Status: sedang berlangsung
Genre:Mafia / Balas Dendam / Misteri Kasus yang Tak Terpecahkan
Popularitas:2.1k
Nilai: 5
Nama Author: my name si phoo

Sania, seorang dokter spesialis forensik, merasakan hancur saat calon suaminya, Adam, seorang aktor terkenal, meninggal misterius sebelum pernikahan mereka. Polisi menyatakan Adam tewas karena jatuh dari apartemen dalam keadaan mabuk, namun Sania tidak percaya. Setelah melakukan otopsi, ia menemukan bukti suntikan narkotika dan bekas operasi di perut Adam. Menyadari ini adalah pembunuhan, Sania menelusuri jejak pelaku hingga menemukan mafia kejam bernama Salvatore.

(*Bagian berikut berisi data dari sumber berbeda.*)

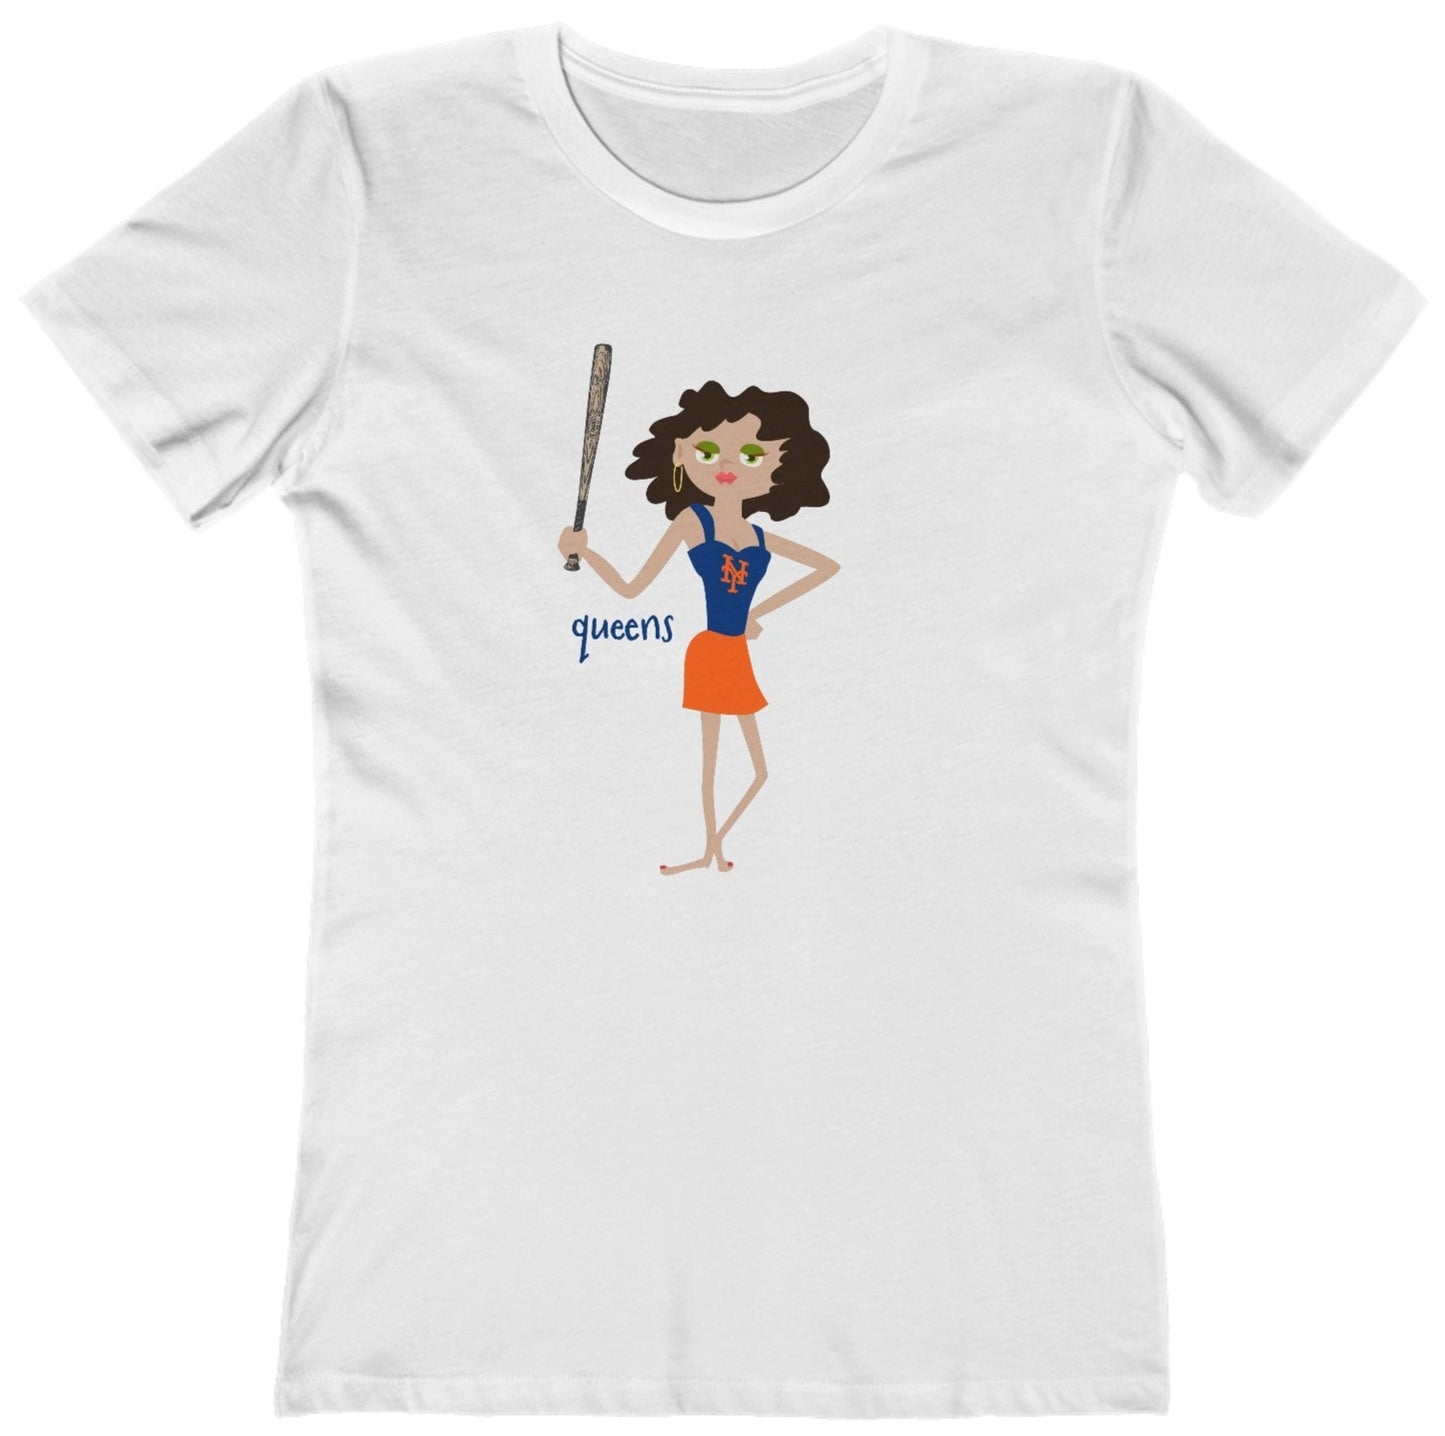 Queens - New York Baseball - Women's T-Shirt
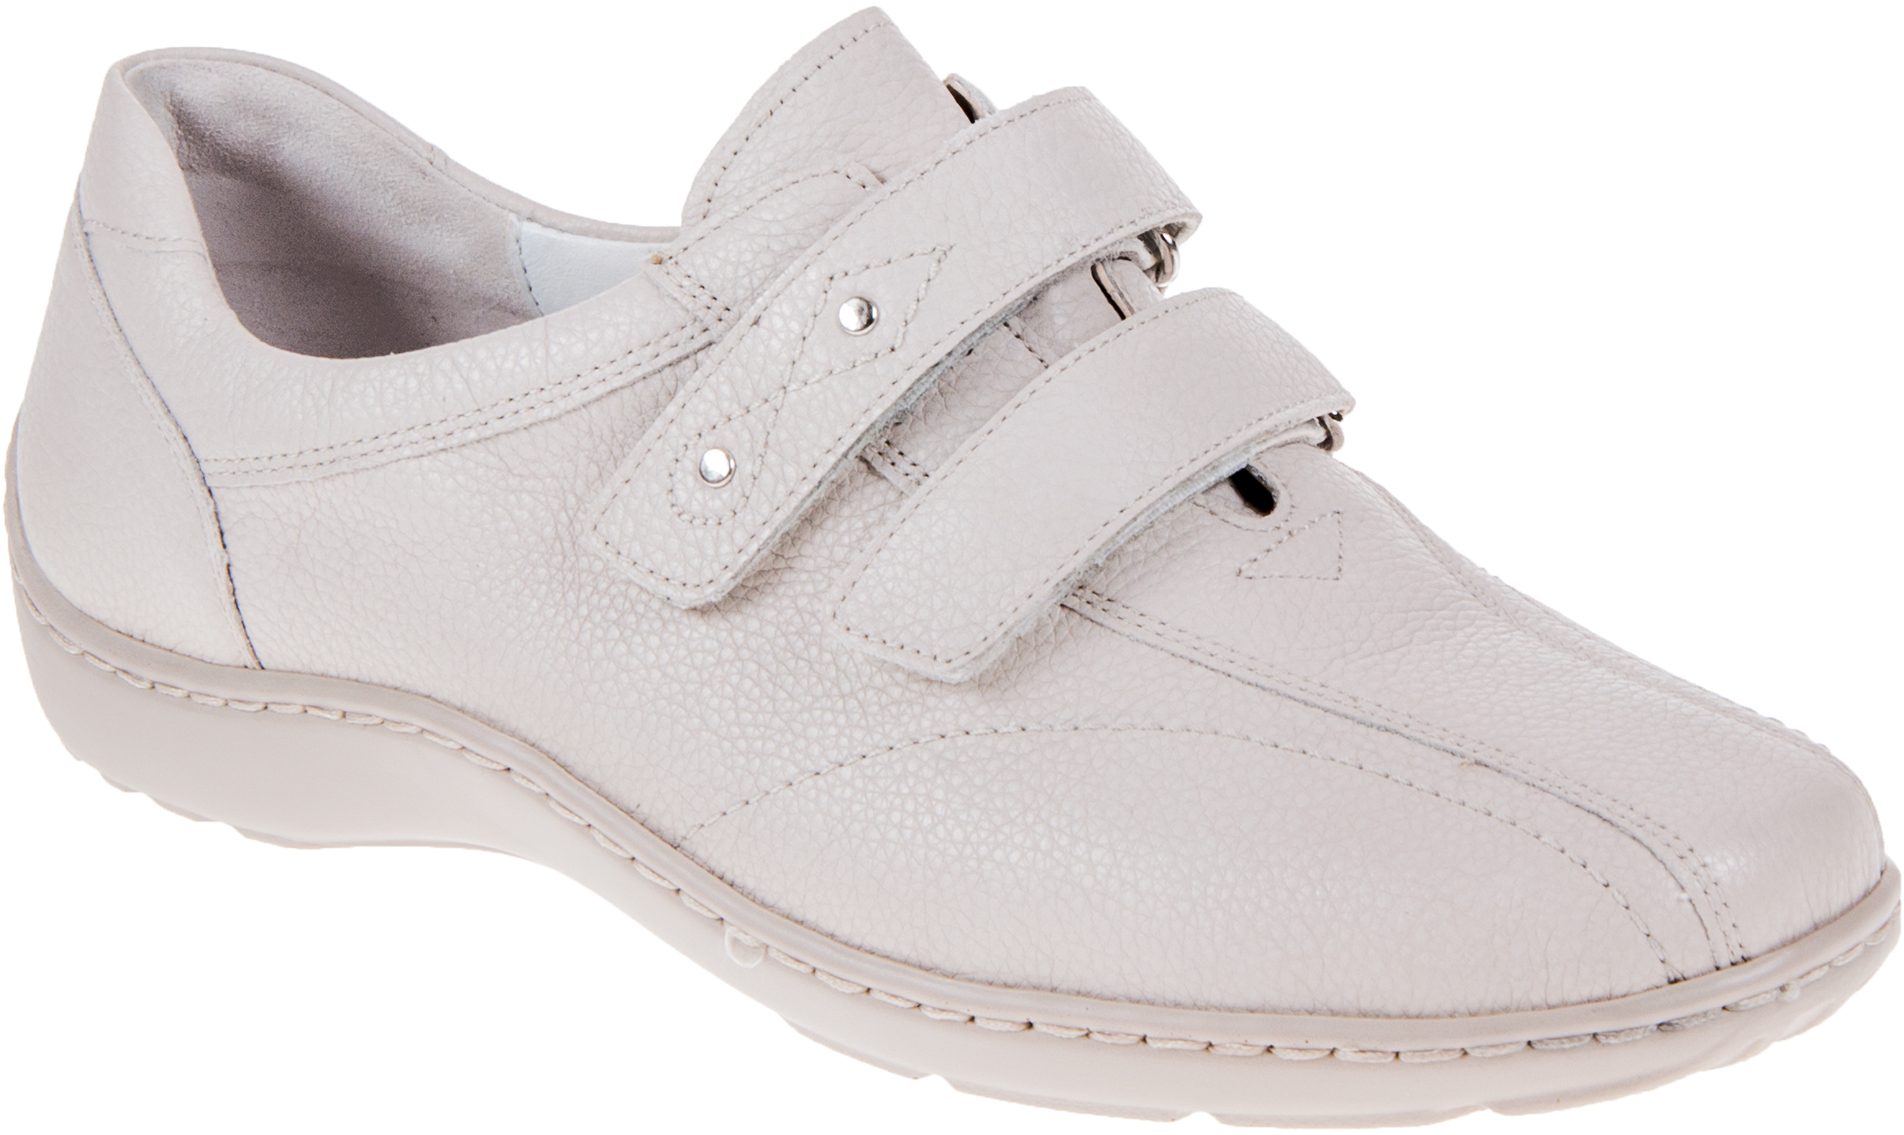 Waldlaufer Henni 301 Off White Leather 496301 172 120 - Everyday Shoes ...

Untuk menghadapi Salvatore, Sania harus mengoperasi wajahnya dan setelah itu ia berpura-pura lemah dan pingsan di depan mobilnya, membuat Salvatore membawanya ke apartemen. Namun lama-kelamaan Salvatore justru jatuh hati pada Sania, tanpa mengetahui kecerdikan dan tekadnya.

Karya ini diterbitkan atas izin NovelToon my name si phoo, isi konten hanyalah pandangan pribadi pembuatnya, tidak mewakili NovelToon sendiri

Bab 16

Papa Erwin memanggil Bima yang baru saja memberikan obat kepada Sania.

"Iya, Pak. Ada apa?" tanya Bima.

"Bim, lebih baik kamu nikahi Sania. Dan setelah itu pergilah yang jauh." jawab Papa Erwin.

Bima terdiam sejenak saat mendengar perkataan dari Papa Erwin.

Sania yang ikut mendengarnya, langsung bangkit dari tempat tidur.

Bima bangkit dari duduknya dan memapah Sania yang masih lemas.

"Kita akan melakukannya, San. Demi keselamatanmu,” ucap Bima dengan nada tenang.

Sania mengangguk pelan, matanya masih berkaca-kaca, namun ada secercah harapan di dalamnya.

Papa Erwin menatap kedua anak muda itu, wajahnya campur aduk antara lega dan cemas.

Malam itu juga mereka melakukan pernikahan sederhana.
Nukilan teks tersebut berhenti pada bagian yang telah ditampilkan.